More generally (and more seriously), I'm all hepped up on Early Music now and would like more of that. I'd take out out of just about the only places that have a lot to give: the 1700s and 1800s.


----------



## Richard8655 (Feb 19, 2016)

Georg Matthias Monn (1717-1750). His Cello Concerto in G minor is quite good.


----------



## SixFootScowl (Oct 17, 2011)

Can I argue that Beethoven is underappreciated because not everyone in the world loves his music or because some value Mozart more than Beethoven?


----------



## jim prideaux (May 30, 2013)

just as I am discovering the many joys of Mendelssohn's symphonies I find him being carted off to the tip here.....and that is from someone who also finds much wonderment in the works of Myaskovsky and Martinu...........


----------



## Weston (Jul 11, 2008)

This could get like the folks who offer to give up spinach ice cream for Lent. Or in other words, I'll give up more Leopold Mozart for more Enescu, or some such.

I'll need to think on a more serious answer and post later.


----------



## sloth (Jul 12, 2013)

clavichorder said:


> Just make your own collection of composers you appreciate. It's not the worst thing in the world to deprive yourself of the very best, to enjoy what is also really very good if it speaks to you personally. You don't need to listen to Alkan with the objective to rank him alongside Chopin or Liszt. It's good music when the space apart is given and it's a good fit for you. It might even mess with your mentality a little to make these composers central to your listening and not in a bad way. As long as you aren't indiscriminate. I don't get deep into obscure composers that don't interest me.
> 
> But according to your method, I'm happy to push a little bit of Shostakovich, Sibelius, Mahler aside(I said a little bit, which doesn't diminish them much) to make room for a lot more Nielsen. A little Martinu and Honegger doesn't hurt Hindemith and Stravinsky too much either. Take out the less interesting Rachmaninoff etudes/preludes and put a Medtner skazki, forgotten melody or others of the best shorter works. And for the love of music, let Busoni have a space all to himself.
> 
> ...


I pretty much suspect that the genius myth started in the 19th century with Romanticism. The big names were put on a pedestal, and the rest forgotten since the focus was mainly on the individual composer and not on music.


----------



## Arsakes (Feb 20, 2012)

Glazunov
Dvorak
Saint Saens
Khachaturian


----------



## DavidA (Dec 14, 2012)

Florestan said:


> Can I argue that Beethoven is underappreciated because not everyone in the world loves his music or because some value Mozart more than Beethoven?

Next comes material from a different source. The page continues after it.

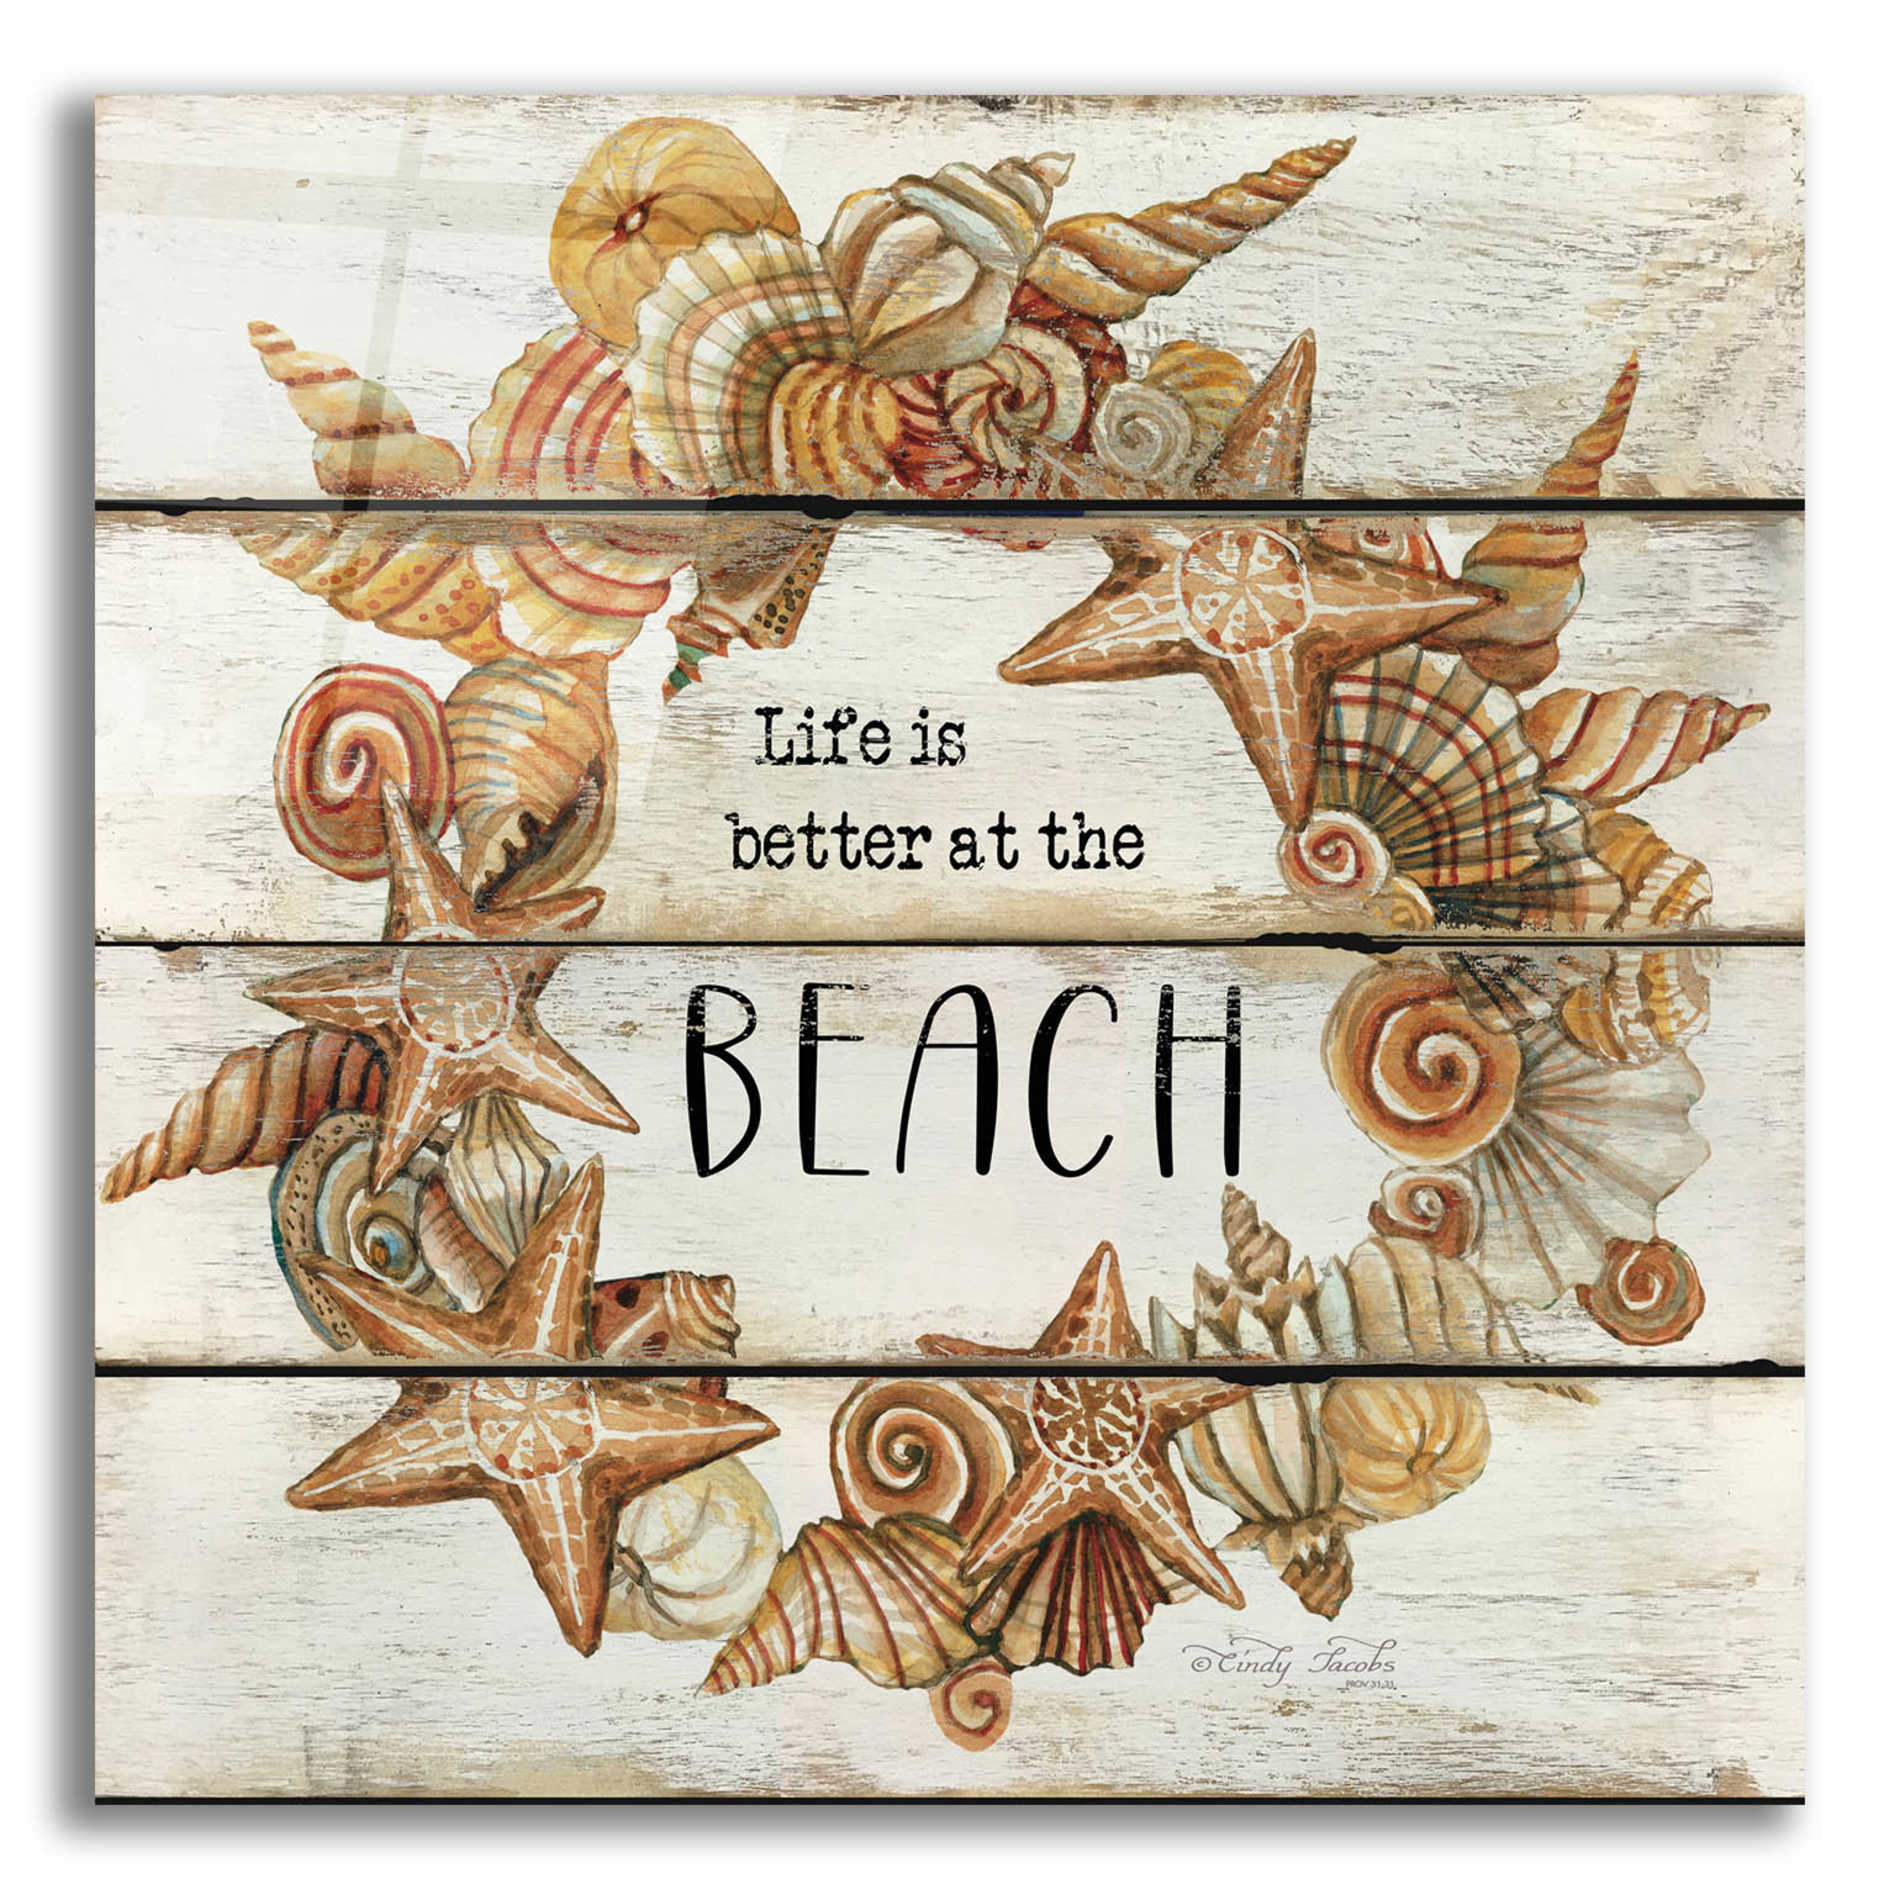 Epic Art 'Life is Better at the Beach' by Cindy Jacobs, Acrylic Glass Wall Art,12x12

The vast majority of classical music lovers appreciate Beethoven. Because some love Mozart more, why should that worry you?


----------



## dieter (Feb 26, 2016)

jim prideaux said:


> just as I am discovering the many joys of Mendelssohn's symphonies I find him being carted off to the tip here.....and that is from someone who also finds much wonderment in the works of Myaskovsky and Martinu...........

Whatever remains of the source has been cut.